Ягужинский так сжал листок, что он превратился в комок, и хотел было швырнуть его в открытое окно, но опомнился: письмо это приложено к делу по доносу малороссийского генерального судьи Василия Леонтьевича Кочубея с прочими на гетмана Ивана Степановича Мазепу якобы о измене оного[74]… Его бросать нельзя – за это самого в застенок поведут.

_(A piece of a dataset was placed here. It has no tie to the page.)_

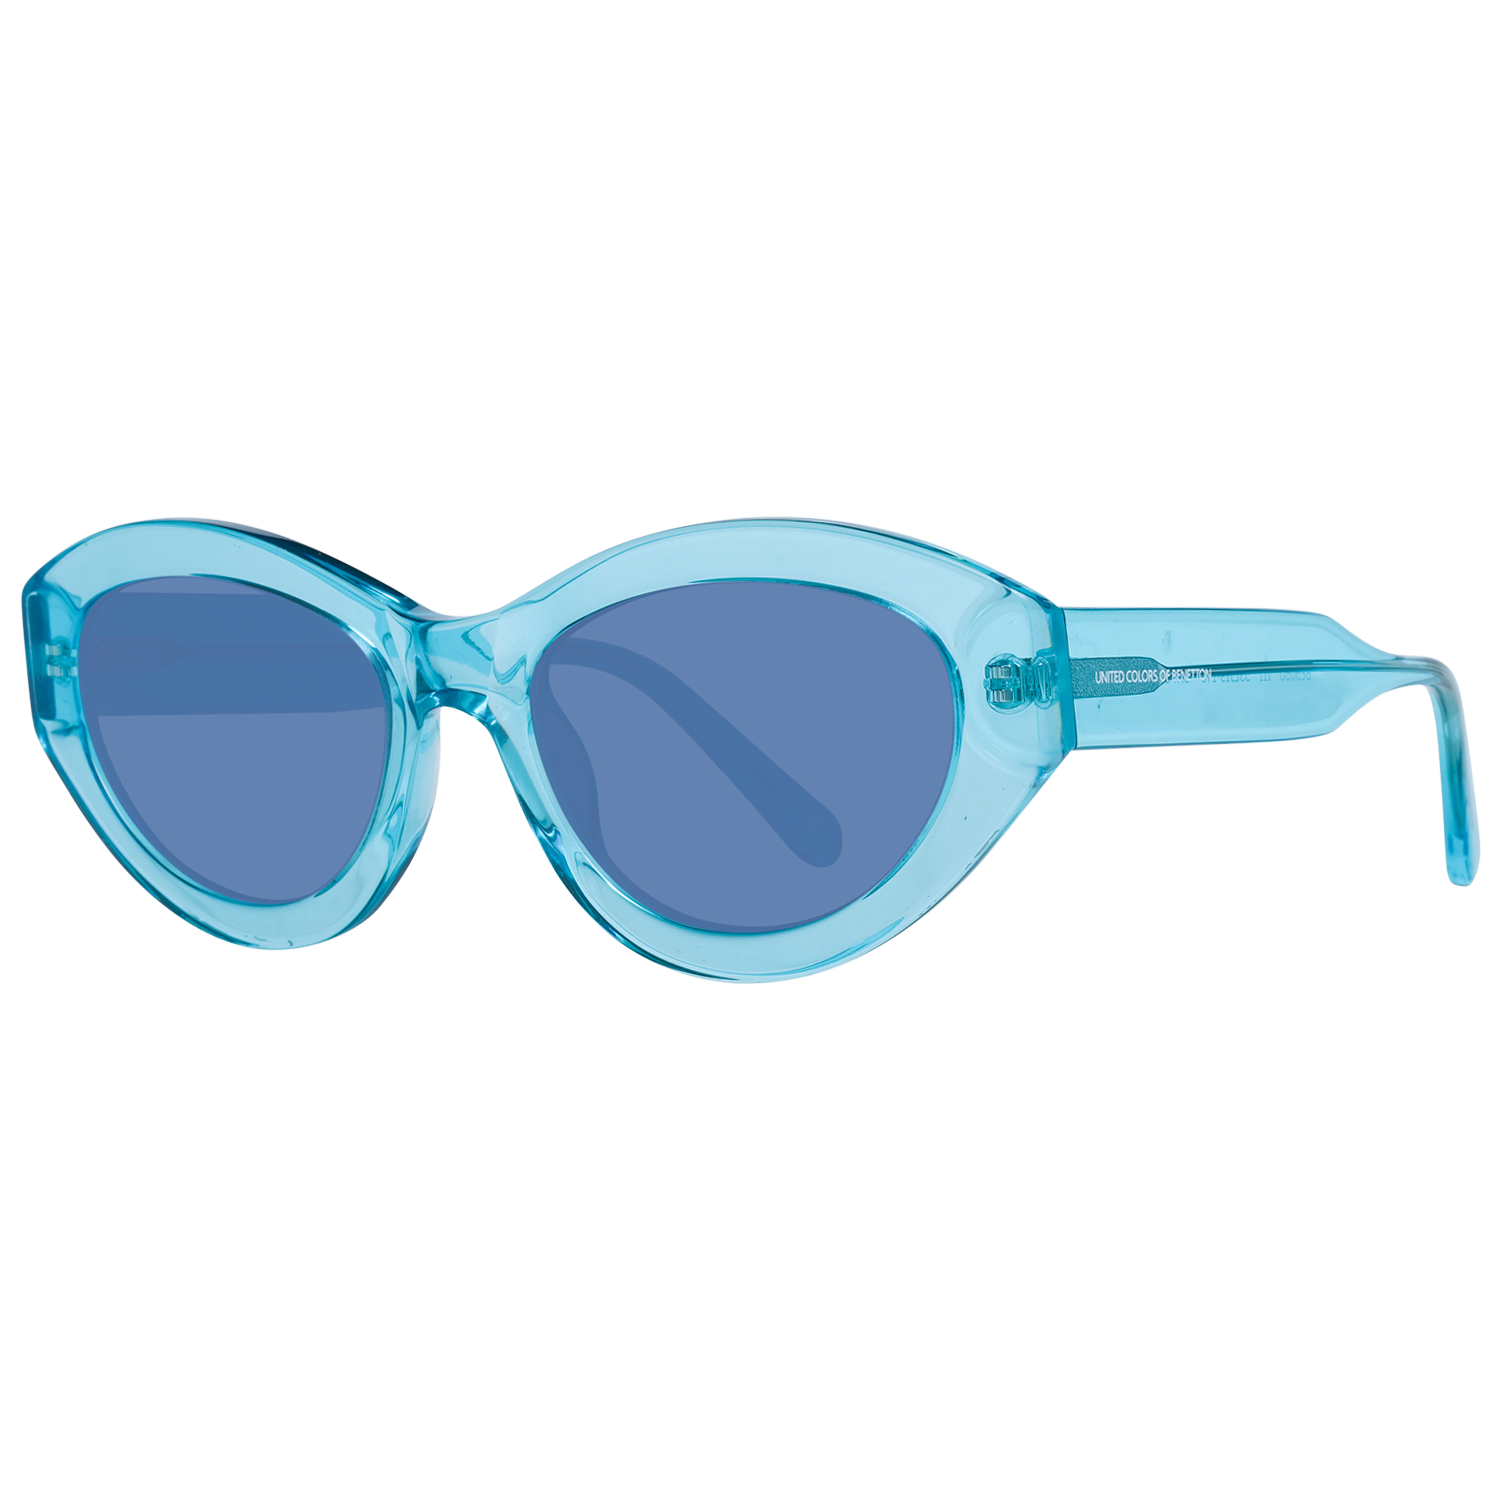 Benetton Sunglasses Benetton Sunglasses BE5050 111 53 Eyeglasses Eyewear UK USA Australia

Но вот другое письмо, писанное тою же, по-видимому, старческою рукою. Ягужинский читал:
«Мое серденько! Зажурилемся, почувши от девки такое слово, же ваша милость за зле на мене маешь, иже вашу милость при себе не задержалем, але одослал до дому. Уваж сама, що б с того выросло. Першая: щоб твои родичи по всем свете разголосили, же взяв у нас дочку у ноче гвалтом и держит у себе место подложнище. Другая причина: же, державши вашу милость у себе, я бым не могл жадною мерою вытримати, да и ваша милость так же: мусели бы мы из собою жити, як малженство кажет, а потом пришло бы неблагословение от церкви и клятва, жебы нам с собою не жити. Где ж бы и на тот час подел? И мне б же чрез тое вашу милость жаль, щоб есь на мене напотом не плакала».
– Проклятый!.. Значит, она-то была у него уж, а он отослал ее к родителям, и она, знать, печалуется об нем… У! Аспид!.. Ночью гвалтом взял… подложница… она-то! Голубица чистая… Да еще «жить» с ним, малженство… Господи!
Ягужинский схватился руками за голову… То, о чем он думал пять лет, что не выходило из его памяти и сердца ни под гул пушек в виду шведских войск, ни под стук топоров на стройке кораблей, ни под резкий скрип неугомонного царского пера, ни в церкви при пении клира, – теперь это дорогое, далекое, милое разом разбилось… Остались только эти проклятые бумаги, перья…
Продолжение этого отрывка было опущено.